In the tertiary treatment stage, the wastewater flows by gravity from the secondary settling tanks over to the sand filters where most of any remaining solids are filtered out by dropping through the sand and then flushed back up through the sand bed and pumped back to the headworks facility and combined with the raw wastewater for processing again. The cleaned water then flows through the ultraviolet radiation process and is neutralized by passing through the high intensity light bulbs. Finally, the high quality, nearly drinking water, processed wastewater is allowed to go to the Arthur Kill River. Note that the wastewater that we have treated is now so clean that we are actually making the river cleaner every day.
Sludge/Solids Processing at the RVSA
Once the organic solids are removed from the wastewater in the primary and secondary treatment phases, the combined sludge is thickened in a sludge concentration tank by gravity settling. Typically the solids content is measured by percent solids. In the concentration tank the percent Total Solids (TS) the sludge is thickened, from .05%TS to 1-1.5%TS. From here it is then pumped to the Sludge Digester.
In the Sludge Digester the sludge is digested. In other words the sludge is heated, mixed and kept in suspension for about 18-30 days of detention time.

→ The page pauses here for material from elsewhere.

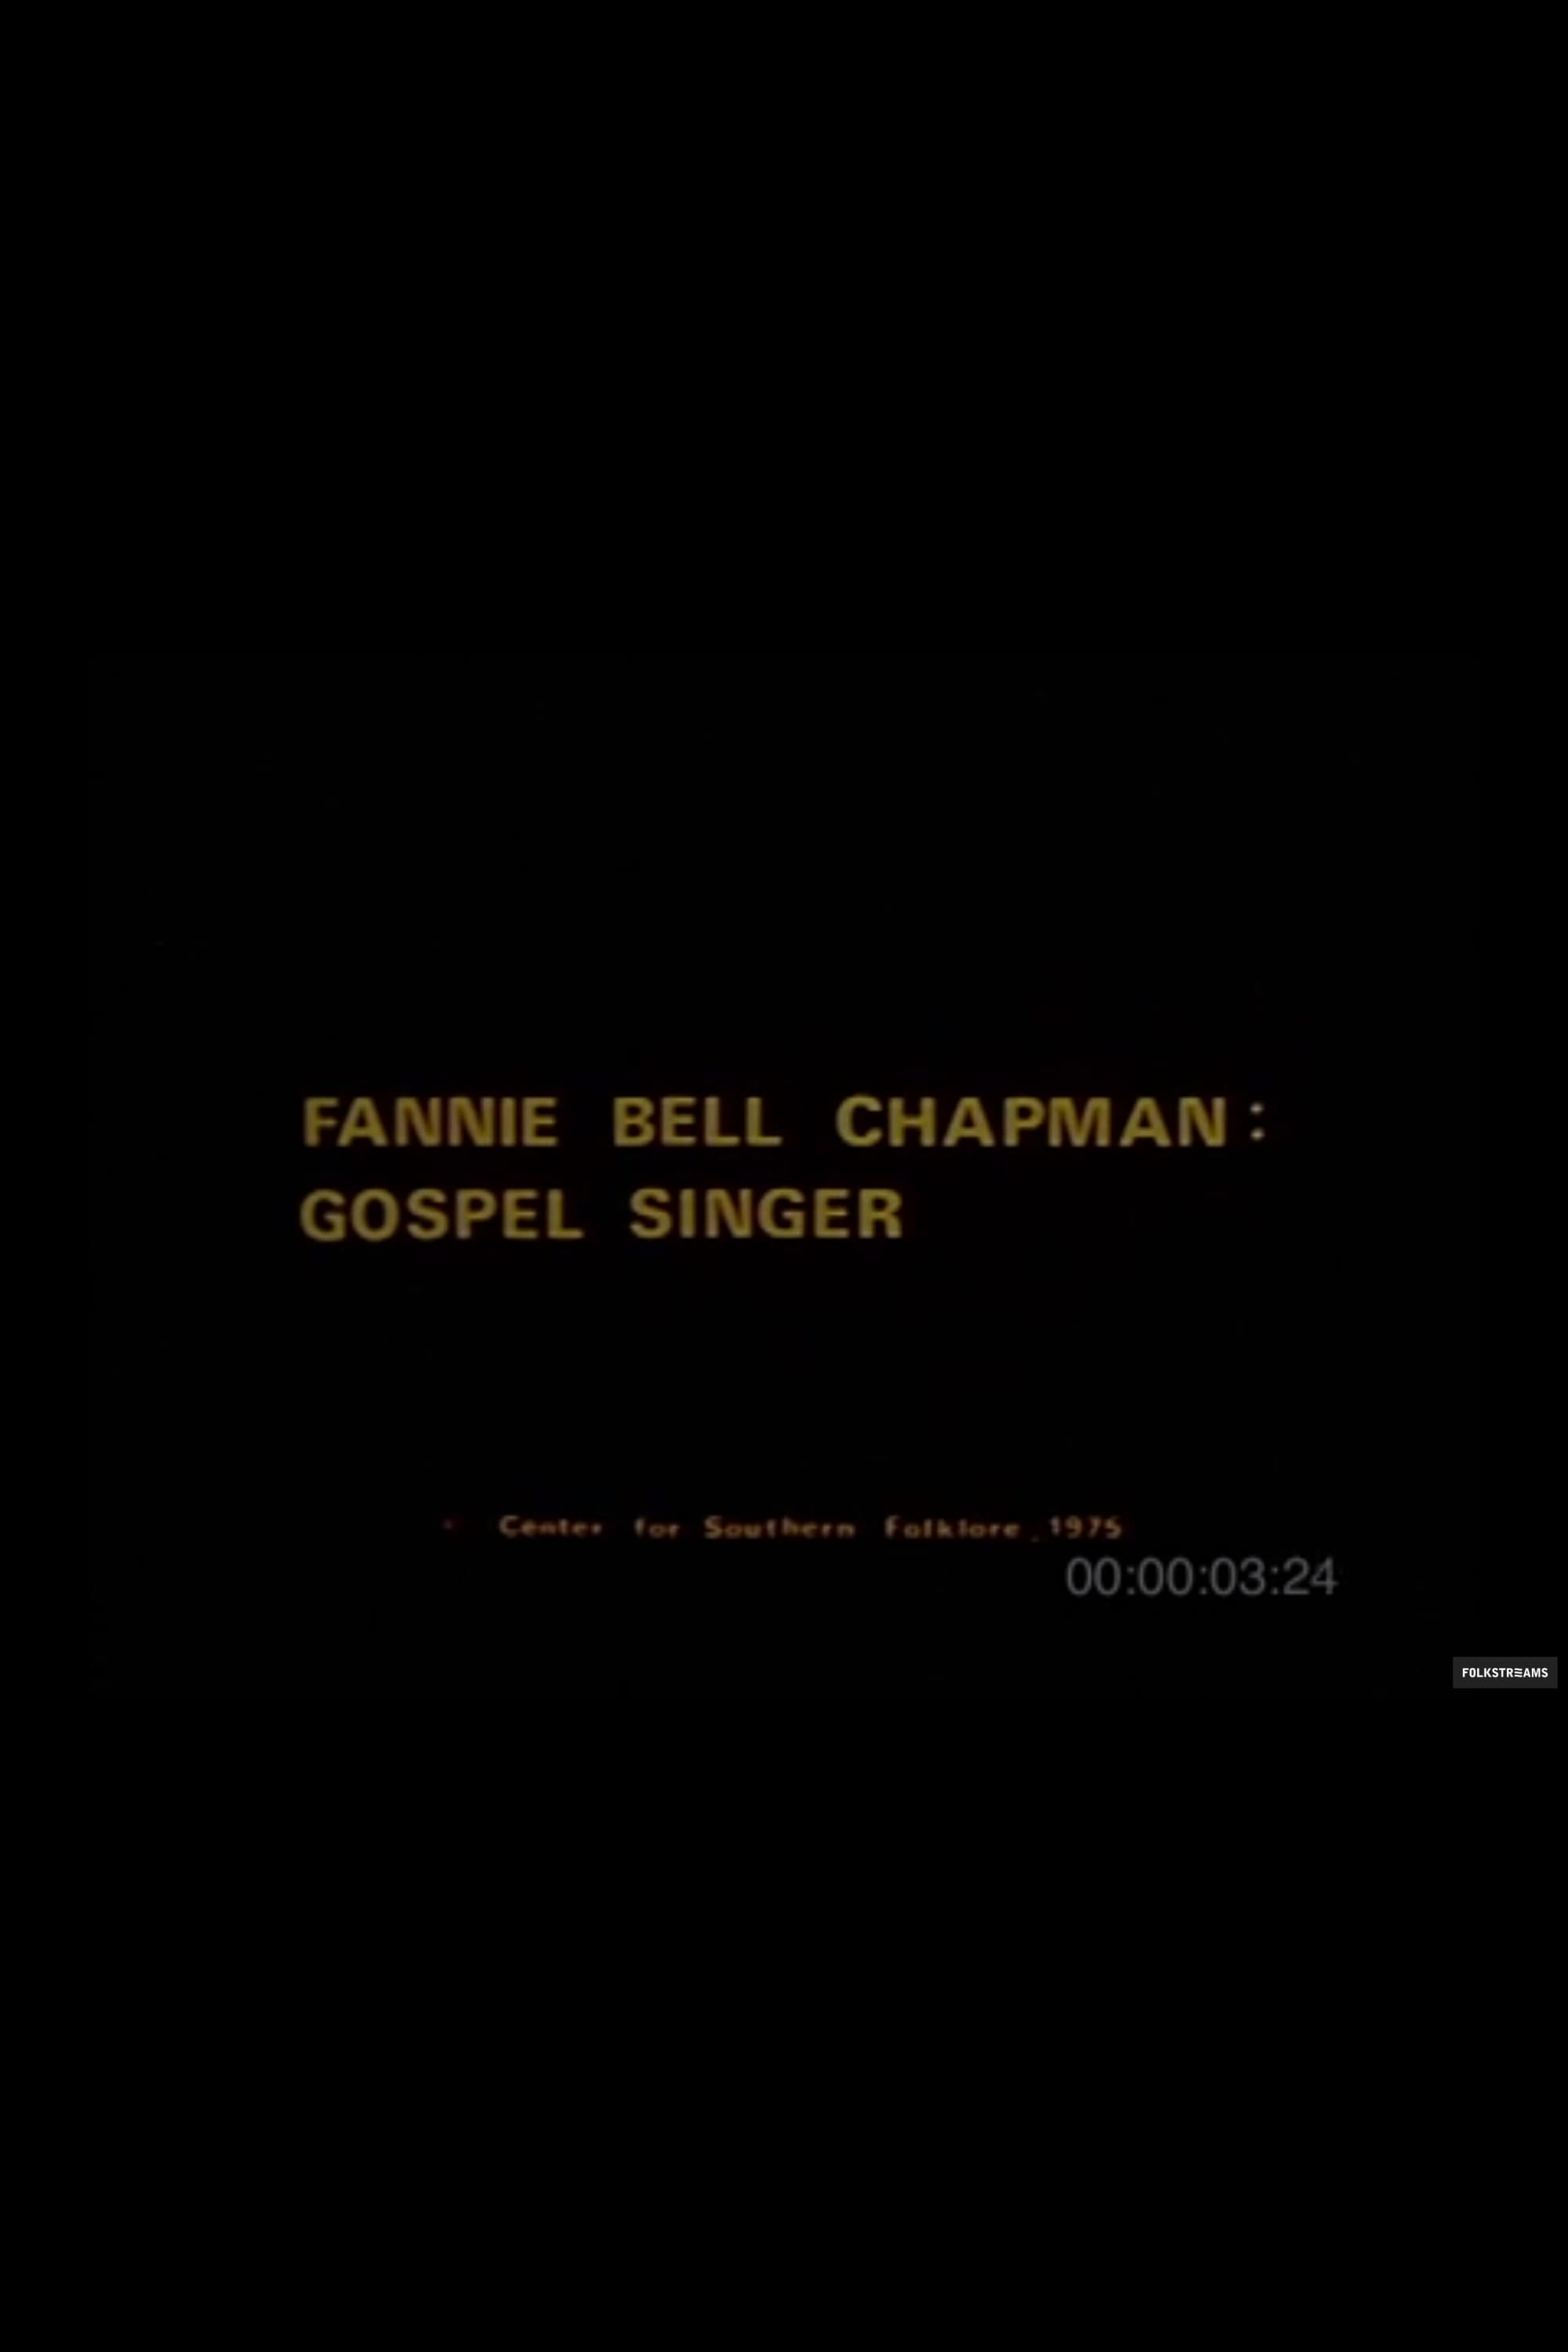 Fannie Bell Chapman: Gospel Singer

During this time the volatile solids are reduced and the sludge becomes stabilized. After this digestion process, the sludge is withdrawn by pumping at a specific rate and sent to the solids handling facility for further thickening.
In the solids handling facility the sludge in mixed with polymer which is a flocculent. When flocculation occurs, many small particles are bonded together to form larger particles within the liquid that are more easily dewatered. At this point the flocculated sludge is fed into a solid bowl centrifuge which spins the sludge at a high speed and separates the water from the sludge. This produces a sludge that is about as thick as a dry mud measuring 22-24%TS. The sludge is then either taken to a clay lined landfill or incinerated or taken for beneficial reuse. This is considered a "Class B" biosolid. However, if the sludge drying facility is operable, we would further dry the sludge in this process to 90-95%TS. Resulting in a far less volume of sludge to transport and dispose of. This is considered a "Class A" biosolid, the best possible processing of wastewater sludge. The sludge dryer is just that, a way to dry the sludge using indirect heat produced through either natural gas, methane gas, or waste heat from the Cogen engines.